Mereka duduk-duduk di mobil untuk beberapa lama, dan sekarang matahari sudah senja. “Kayaknya enak ya, kalau bisa duduk di sana,” kata Mita sambil menunjuk sebuah tempat yang benar-benar dekat ke air. Tapi lalu pandangannya menerawang, dan Mita juga tidak berusaha membuka pintu atau apapun, seperti sadar kalau dia tidak bisa ke sana.
Dito terdiam, berpikir sejenak. Mobil seperi yang dinaikinya sekarag ini tidak boleh berjalan lebih dekat lagi kepantai. Sedangkan kursi roda yang dipakai Mita bukanlah kursi roda khusus yang bisa digunakan di atas pasir. Jadi nggak ada cara yang bisa dipakai untuk bisa mengajak Mita ke tempat yang tadi dia tunjuk. Tapi dia sangat ingin mengajak Mita ke tempat itu, dia ingin membuat Mita senang. Harus bagaimana?
Lalu tiba-tiba, Dito melepaskan sabuk pengaman yang sedari tadi belum dilepasnya. Dia keluar dari mobil dan memutar ke sisi sebelah kiri, dan membuka pintu. “Mau ngapain?” tanya Mita, bingung. “Katanya mau ke sana?” balas Dito sambil tersenyum polos. “Tapi caranya gimana? Kursi rodaku kan nggak bisa,” Mita melirik kursi rodanya yang ada di bagian belakang mobil. “Tenang aja, tetep bisa kok,” Dito tetap santai, lalu tiba-tiba dan dengan gerakan yang cepat, dia menggendong Mita. “Dito!
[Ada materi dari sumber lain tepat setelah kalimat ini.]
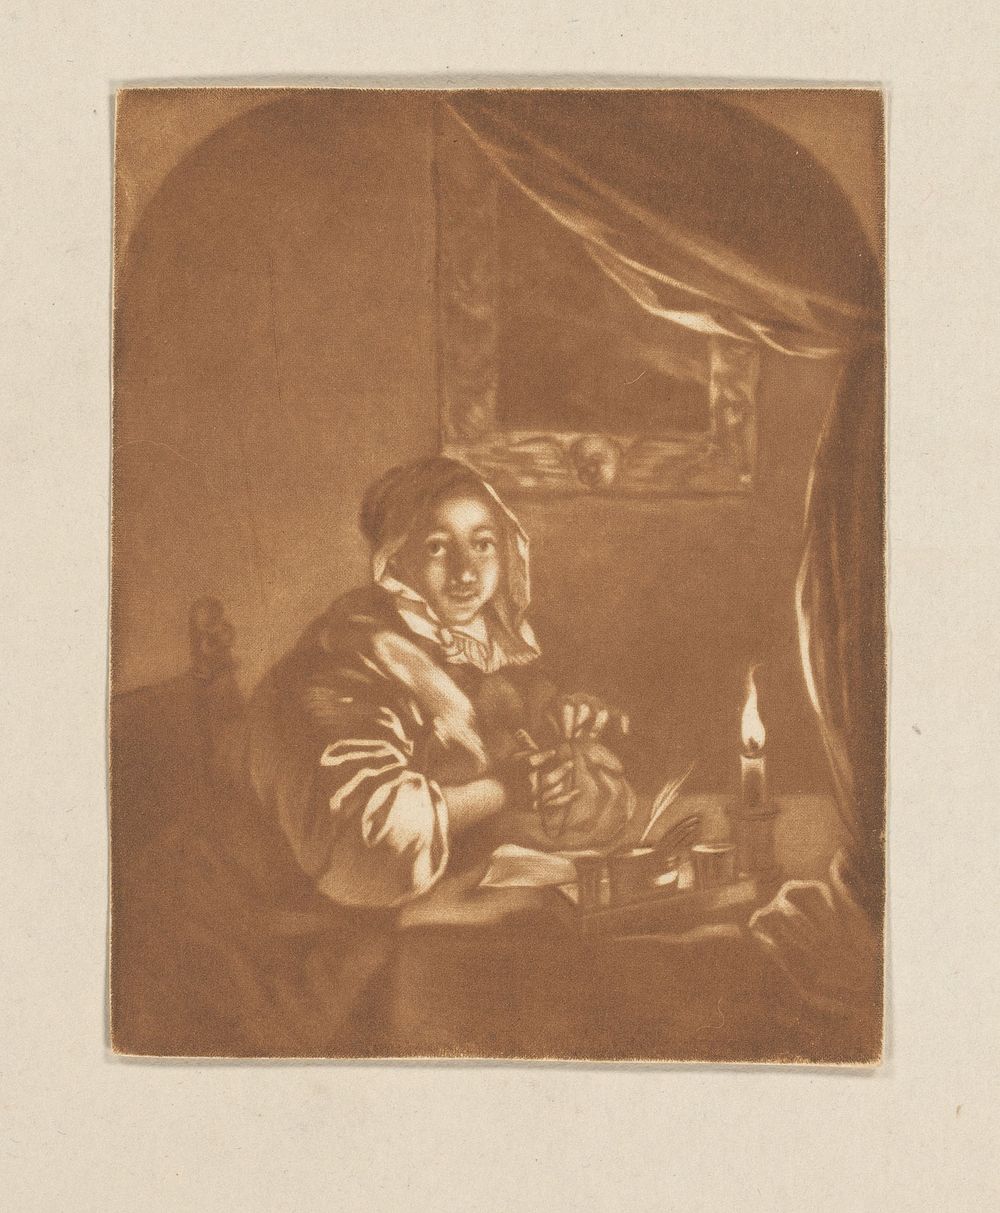 Dame bij kaarslicht (1736 - 1798) by Cornelis Ploos van Amstel and Caspar Netscher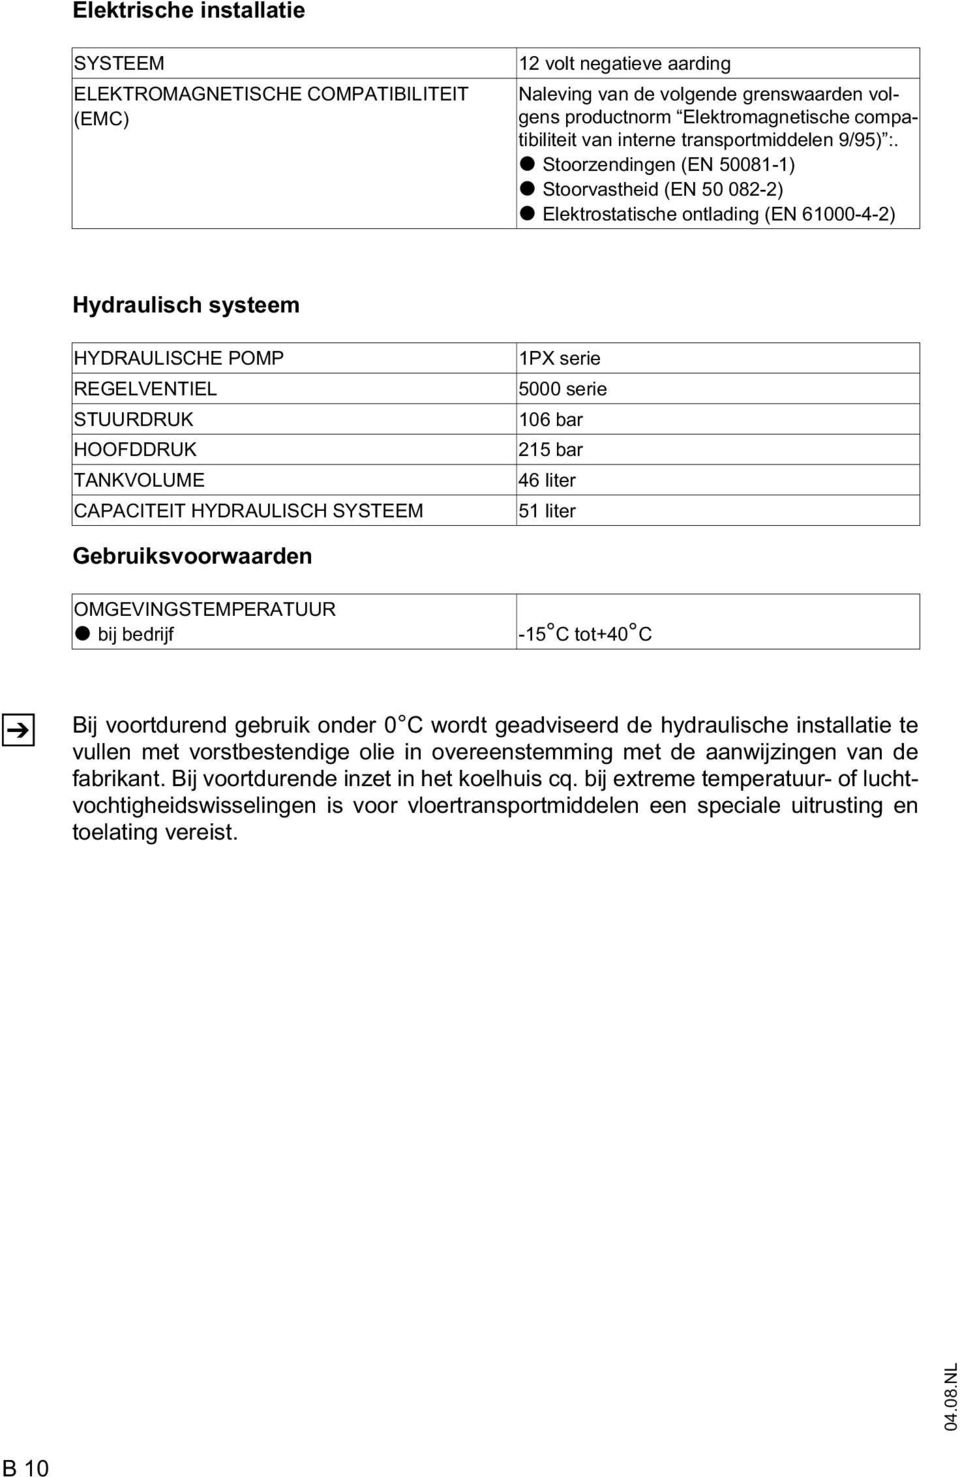 t Stoorzendingen (EN 50081-1) t Stoorvastheid (EN 50 082-2) t Elektrostatische ontlading (EN 61000-4-2) Hydraulisch systeem HYDRAULISCHE POMP REGELVENTIEL STUURDRUK HOODDRUK TANKVOLUME CAPACITEIT

Apaan sih!” Mita berteriak kaget, tapi Dito tetap dengan wajah polosnya, “Katanya mau ke sana,” kali ini Dito menunjuk dengan gerakan kepalanya.
“Tapi nggak gini juga kali, malu dong diliat orang,” Mita mengingatkan, tapi Dito menggeleng dengan gayasok tegas, “Nggak juga ah. Kan ini tempat umum, bebas mau ngapain, mau malu-maluin juga nggak papa kok.” Mita tersenyum, dan mengangguk kecil.
Dito menggendong Mita, sampai ke tempat yang tadi ditunjuk. Mita nggak bisa menyangkal, dia memang malu, tapi satu perasaan lain yang muncul. Rasa nyaman. Rasa aman. Itulah yang Mita rasakan saat berada di gendongan Dito tadi.
Tiba-tiba saja Mita merasa, terlalu merepotkan. Dito sudah terlalu banyak membantunya. Dan sudah terlalu banyak pandangan mencemooh yang dilemparkan orang-orang pada Dito. Semua karena dirinya.
Namun tepat di saat itu, sebuah tangan melingkar di bahu Mita. “Nggak papa. Nggak ada yang ngerepotin. Selama kamu seneng, itu bikin aku seneng banget. Dan selama aku masih bisa membantu kamu, aku akan selalu melakukannya.” Sekali lagi, Dito membaca pikiran Mita.
Sekarang, sambil menatap matahari yang semakin menghilang, Mita tidak bisa berhenti menatap orang yang sangat disayanginya dan tidak bisa berhenti mengatakan kalimat ini, I’m lucky to have you in my life.